The proposed rule would require certain professionals, including attorneys, involved in real estate closings to report information to FinCEN about cash transfers of residential real estate to legal entities and trusts. The agency’s press release indicates the proposal is tailored to target transfers that are high-risk for money laundering. No reporting would be required for transfers to individuals.

The information to be reported would include:

  • Beneficial ownership information for the legal entity or trust receiving the property;
  • Information about individuals representing the transferee legal entity or transferee trust;
  • Information about the business filing the report;
  • Information about the real property being sold or transferred;
  • Information about the seller; and
  • Information about any payments made.

A Geographic Targeting Order program has been in place for several years requiring this type of reporting in certain high-priced locations. The new rule would replace the Geographic Targeting Order with nationwide reporting.

FinCEN recognizes that the beneficial ownership information required under this proposed rule is also collected under the new Corporate Transparency Act, but states that the information will serve two different purposes.

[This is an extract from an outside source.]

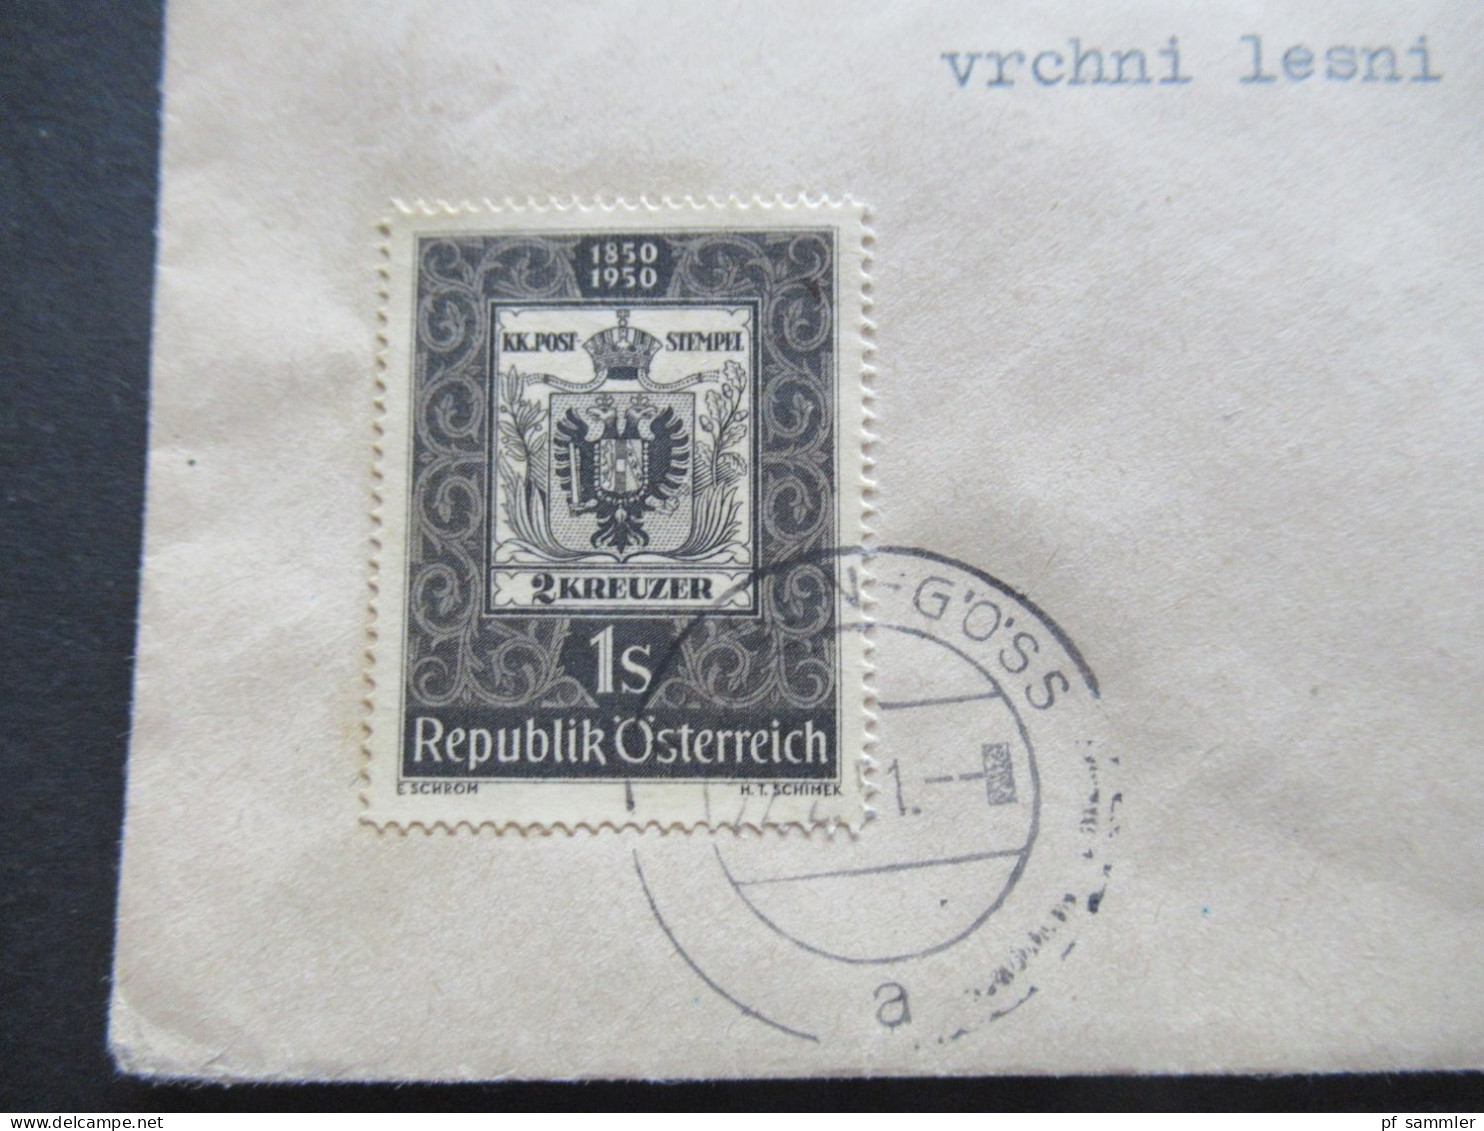 Österreich 1950 / 1951 Michel Nr.958 Und Nr.950 MiF Leoben Göss In Die CSR Gesendet - Covers & Documents

The proposed rule would require reporting on single-family houses, townhouses, condominiums and buildings designed for occupancy by one to four families. It would also require reporting on transfers on unimproved land that is zoned or permitted for occupancy by one to four families.

Transfers would be reportable regardless of price. Gifts and other transactions where no consideration is exchanged are reportable. Exempted transactions include easements, transfers resulting from the death of the property owner, transfers resulting from divorce, and transfers made to a bankruptcy estate.

The agency encourages written comments in response to the proposed rule for 60 days. Closing lawyers, I encourage you to read the information at the links above and to make comments.